Guide and scripts for UF cluster programs

By Jesse Breinholt, Kawahara Lab

ExaML Guide

ExaML module must be run on the new hypergator cluster:

Step 1: Generate starting tree using raxml, I generally do this interactively on the test nodes as it takes only a few minutes as follows.

ssh dev01
cd /scratch/lfs/username/dirwhereyouplacedyourfiles
module load raxml
raxmlHPC-PTHREADS-SSE3 -y -m model -s infile.phy -p $RANDOM -n outfile -T 2

Step 2: generate binary file from input file to be used by ExaML. I also do this interactively. Note if using DNA the –m should be –m DNA. Any time you want to change the partition scheme you must generate a new binary file. If you do not want to partition the data delete the –q option.
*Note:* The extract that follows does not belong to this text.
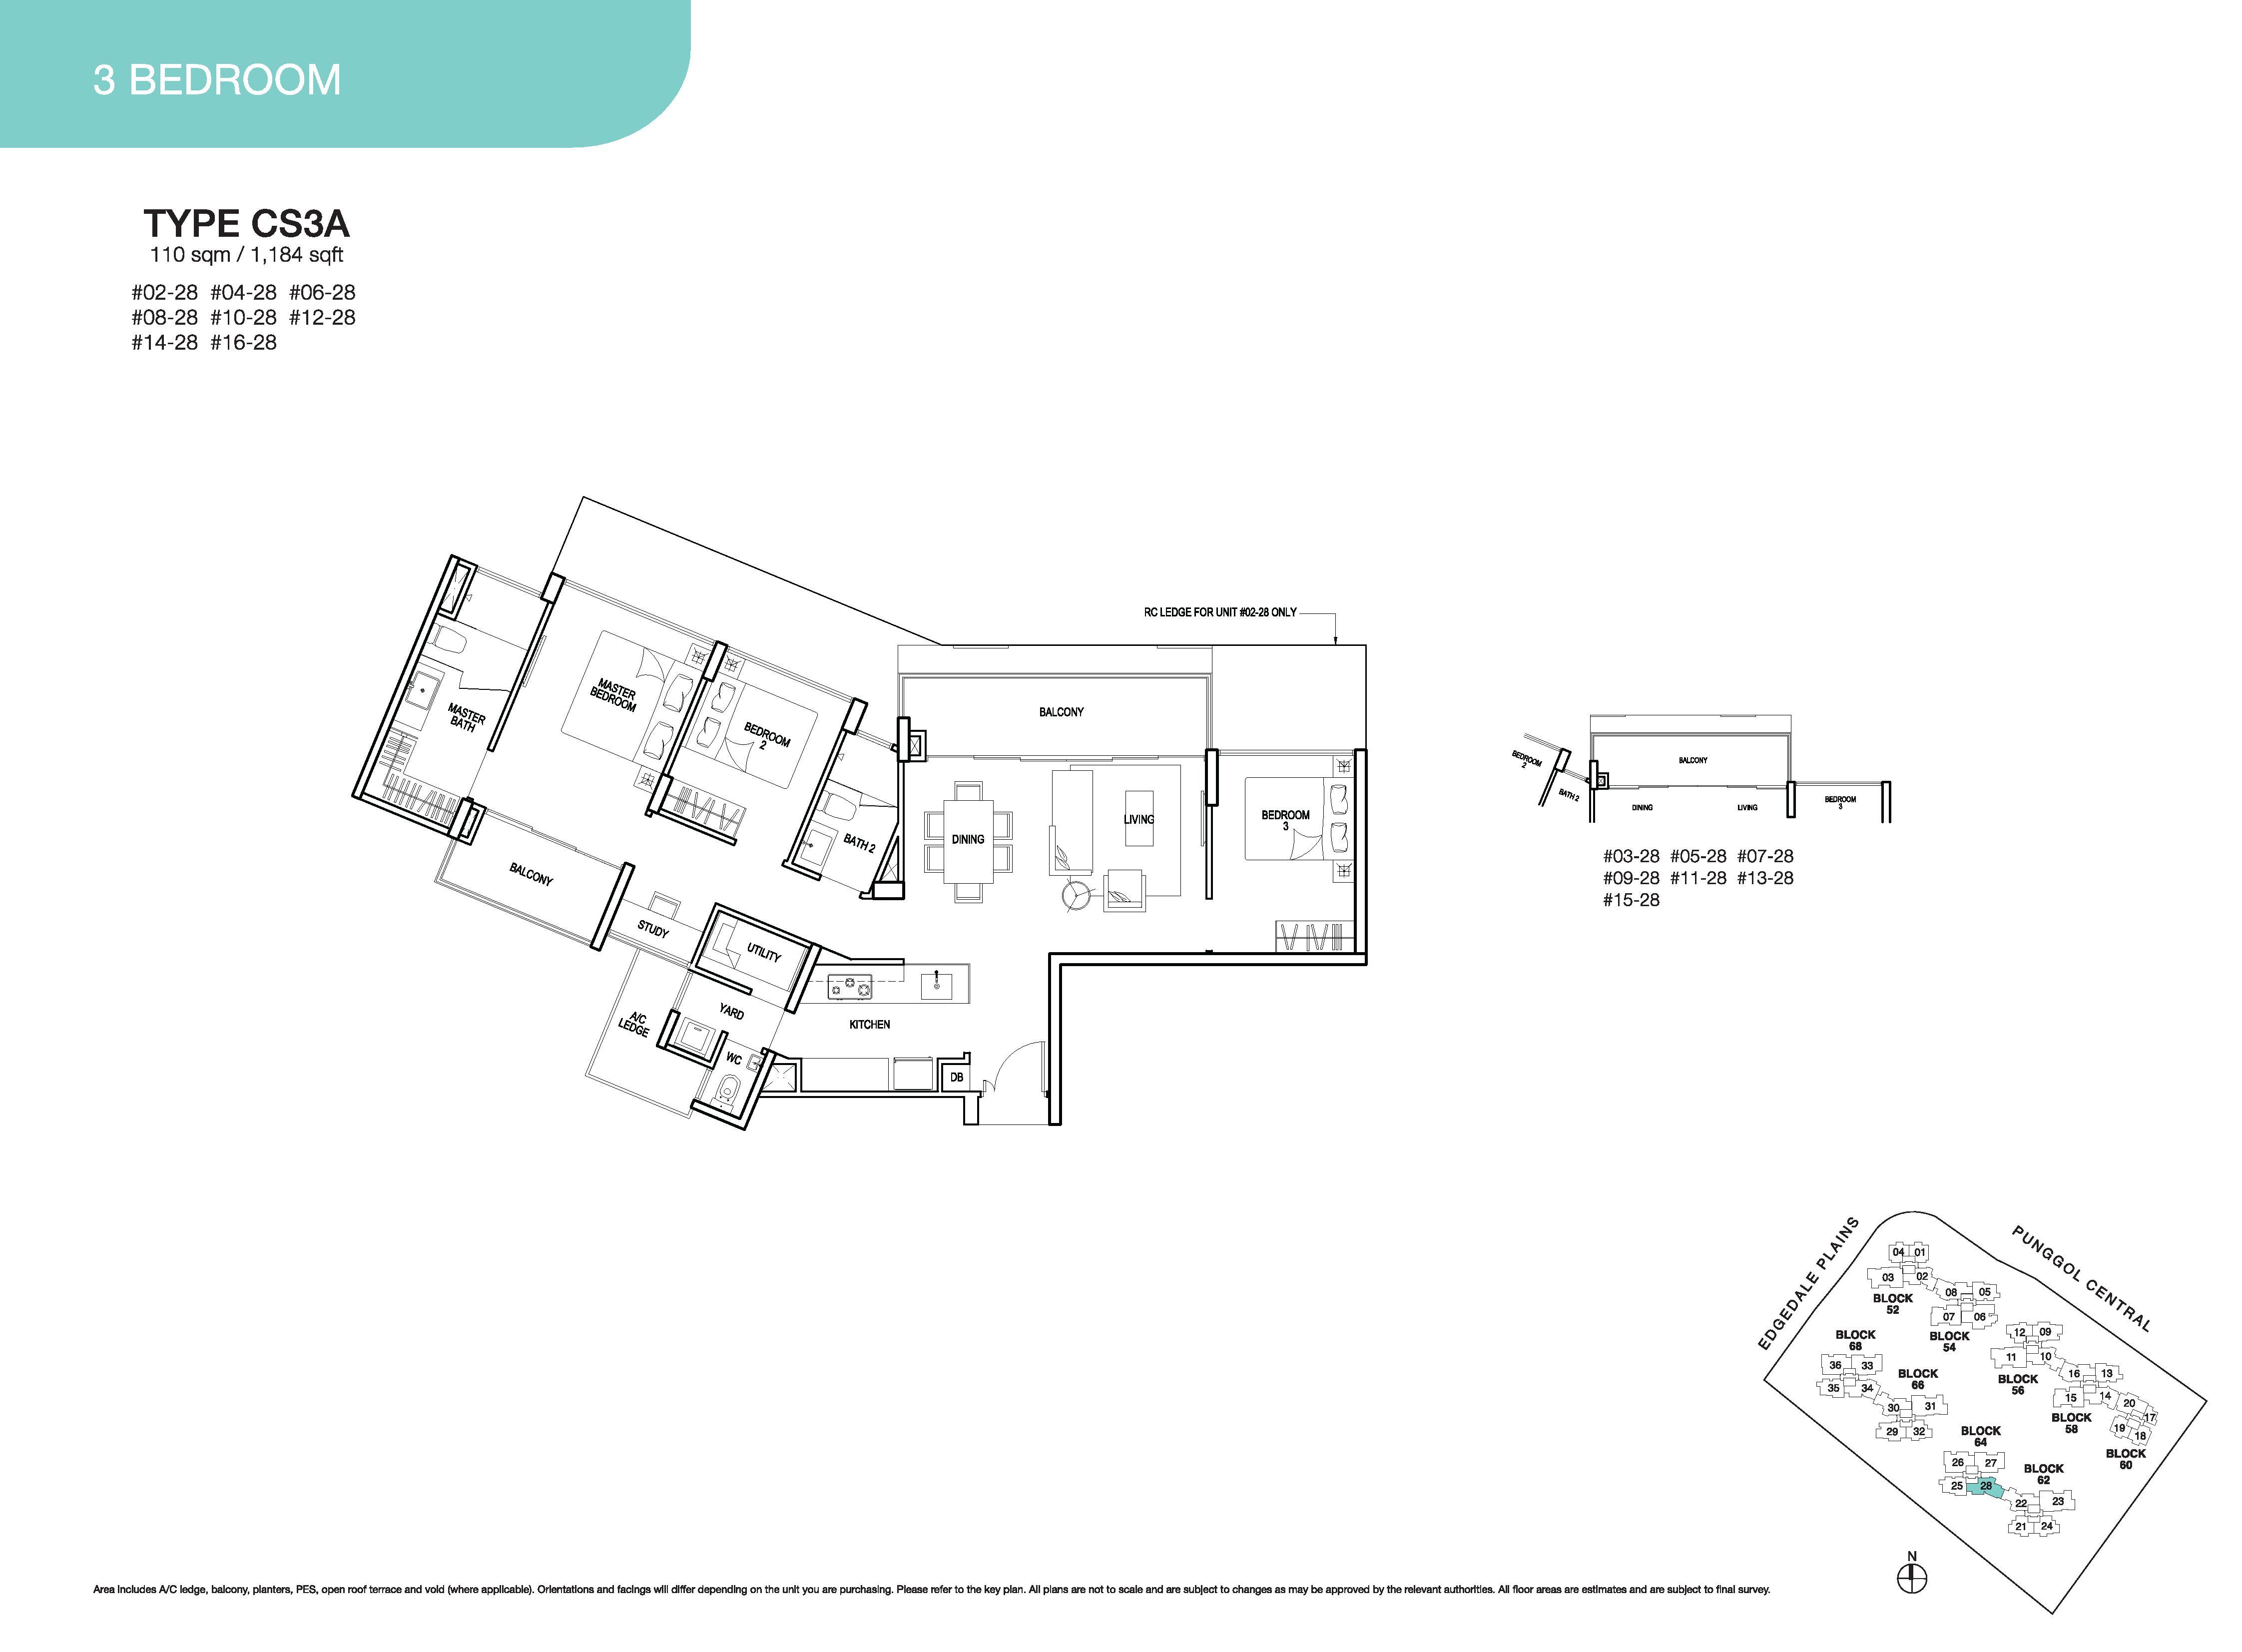 River Isles 3 Bedroom Floor Plans Type CS3A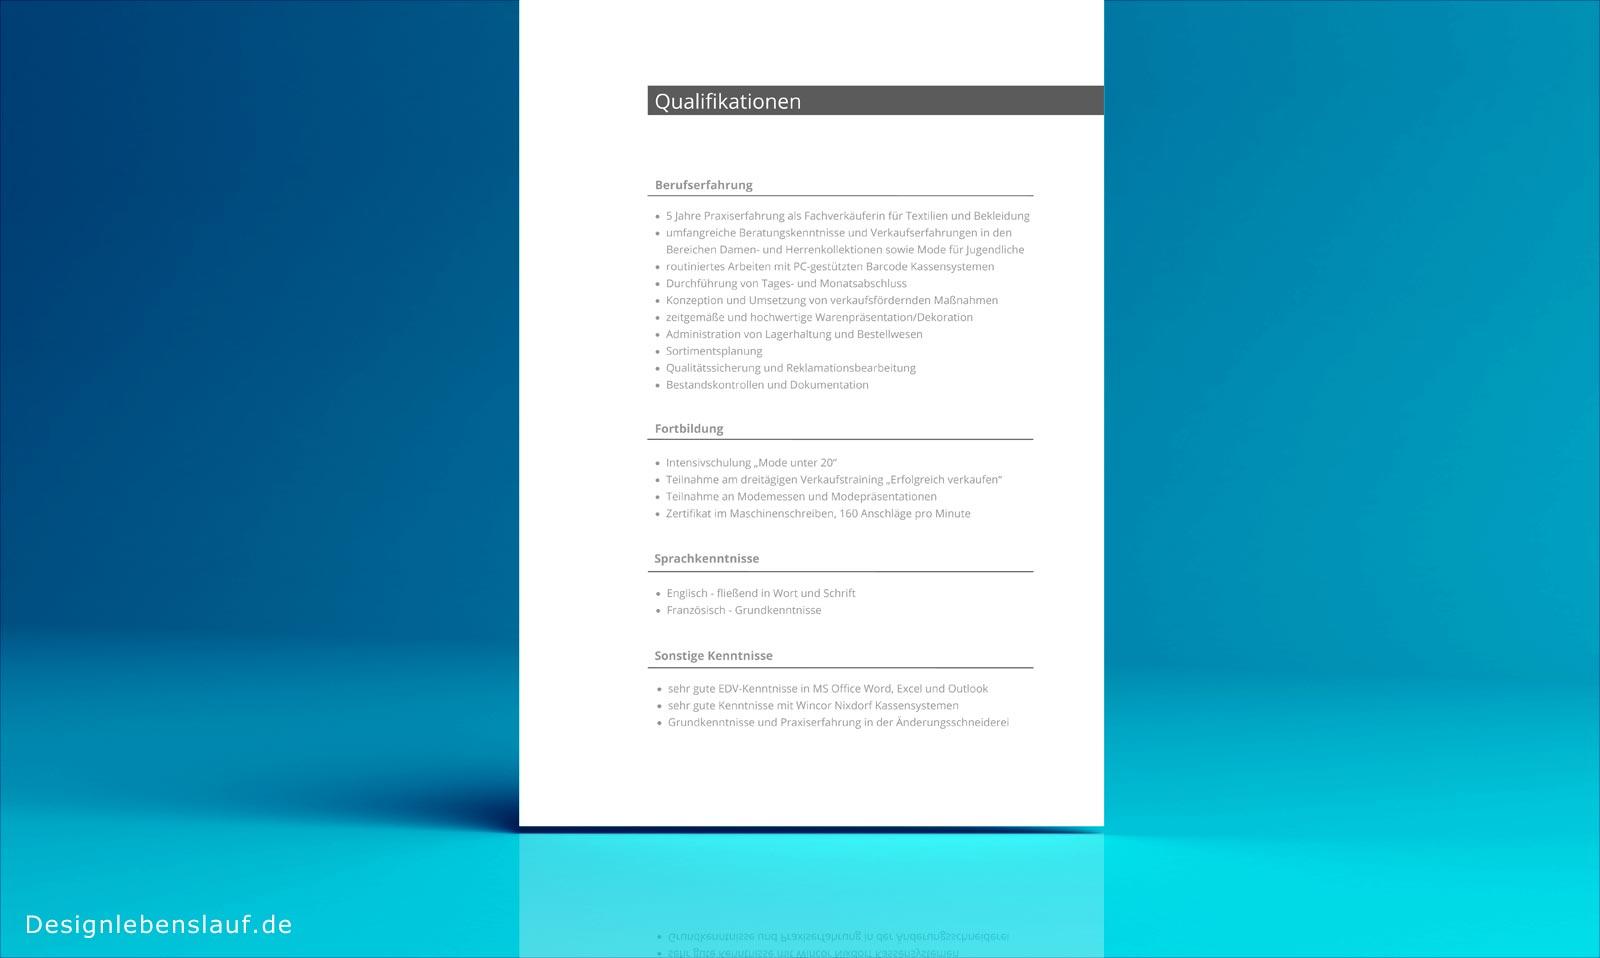 richtig bewerben mit Vorlagen für Open Office & MS Word

module load gcc/4.7.2 openmpi/1.6.4 examl/1.0.3
parser -s infile.phy -m PROT –q raxmlformatpartitionfile -n outfile

Step 3: Run ExaML using a qsub script example below. Remember this must be executed from the hypergator cluster, this also means you cannot execute it from any of the old interactive nodes on the old HPC such as test01-test06. First estimate the amount of memory needed using these formulas (from: ) where n = number of taxa and m = the number of variable sites. The number of variable sites can be taken from the info file produced by the RAxML run to generate the starting tree.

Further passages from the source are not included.